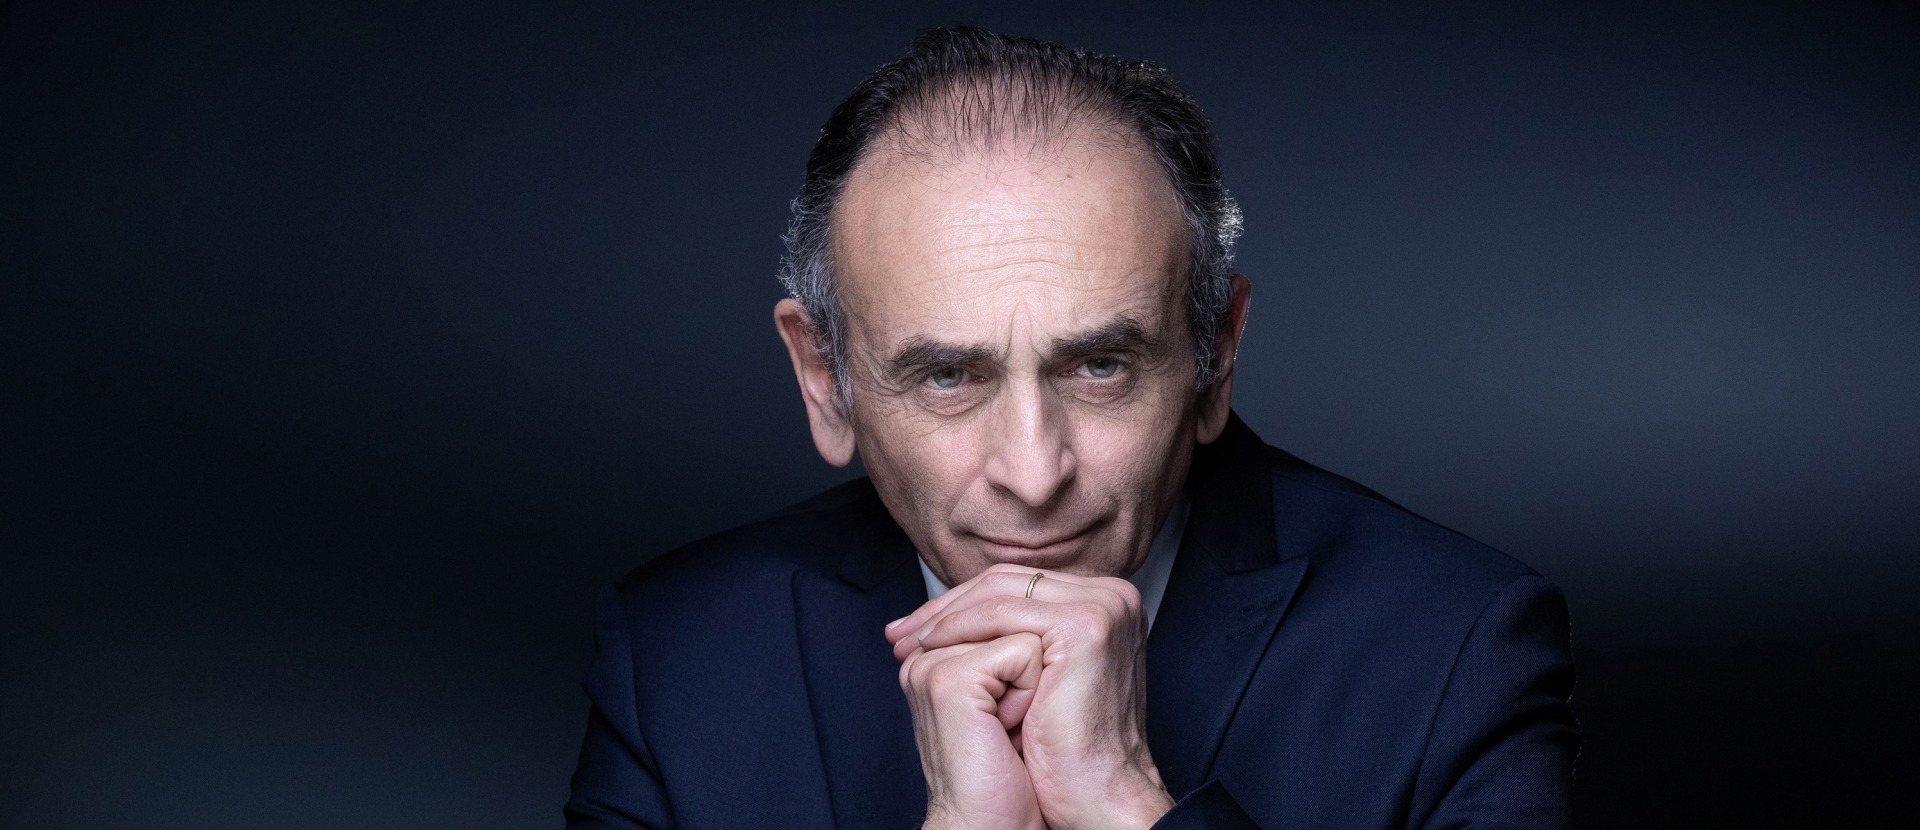 Eric Zemmour Officially Announces Bid for French Presidency
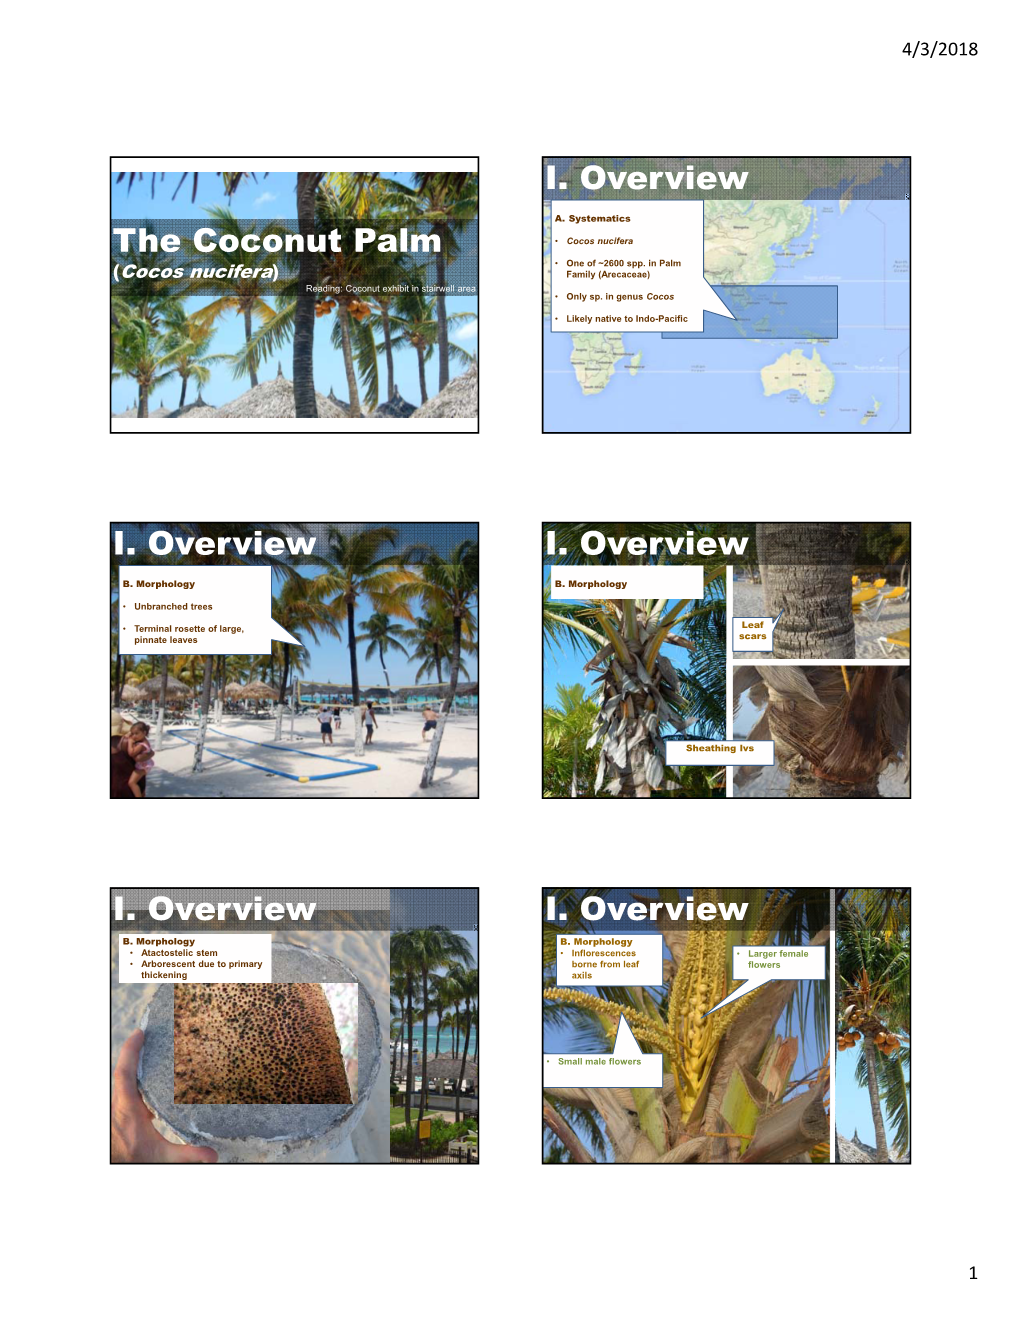 The Coconut Palm I. Overview I. Overview I. Overview I. Overview I
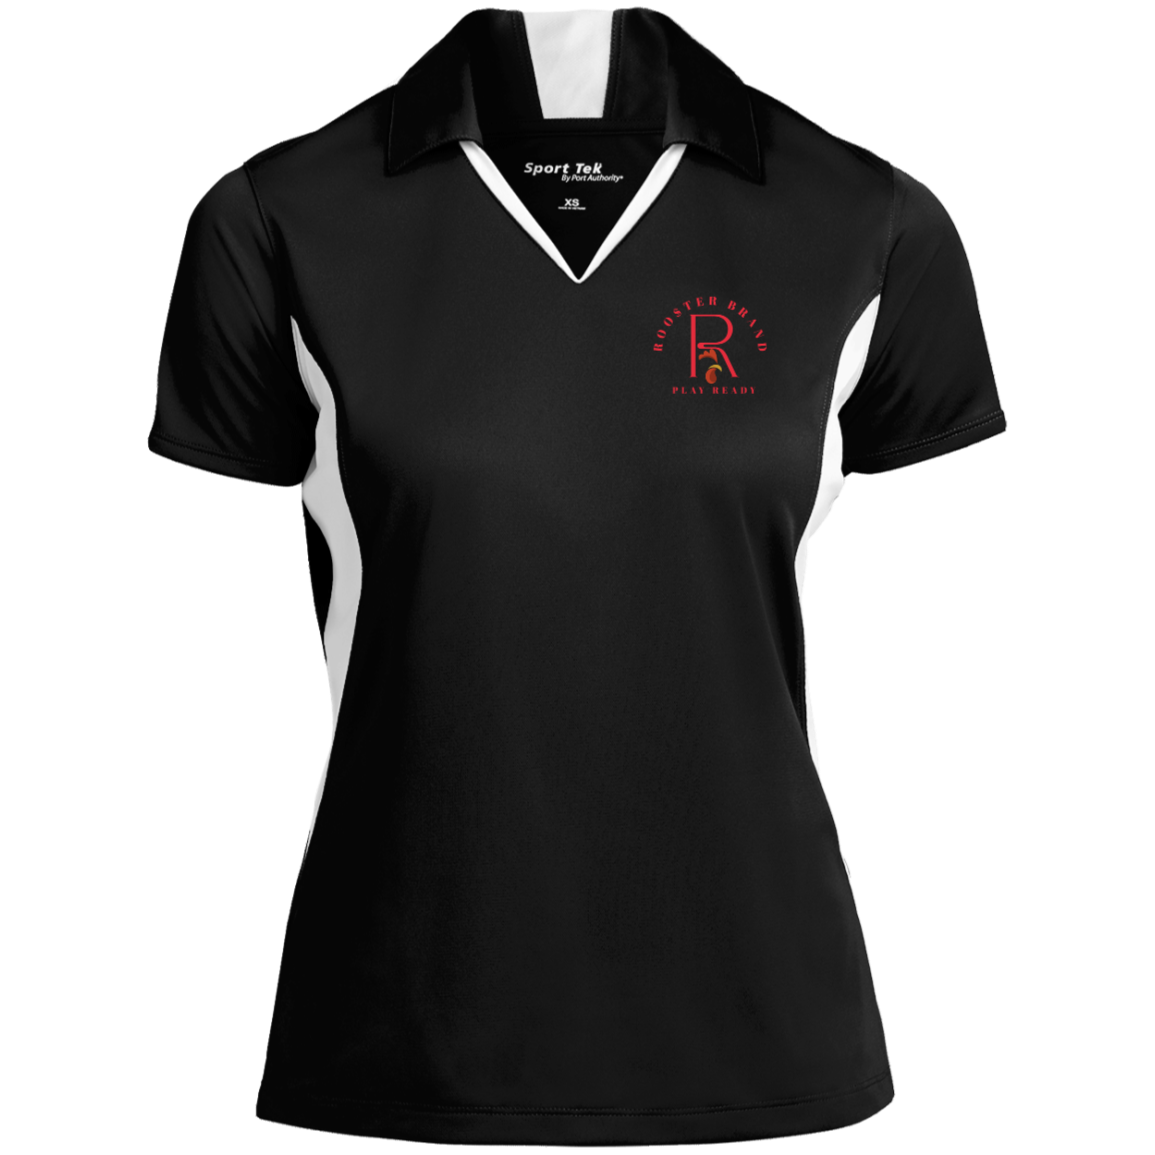 Roo$ter  Brand Ladies' Colorblock Performance Polo

---+---

» **What you need to do**
Restate the whole listing word for word. Omit the pictures.

» **Exercise solution**
 Eric Zemmour Officially Announces Bid for French Presidency
 The Coconut Palm I. Overview I. Overview I. Overview I. Overview I
 Roo$ter  Brand Ladies' Colorblock Performance Polo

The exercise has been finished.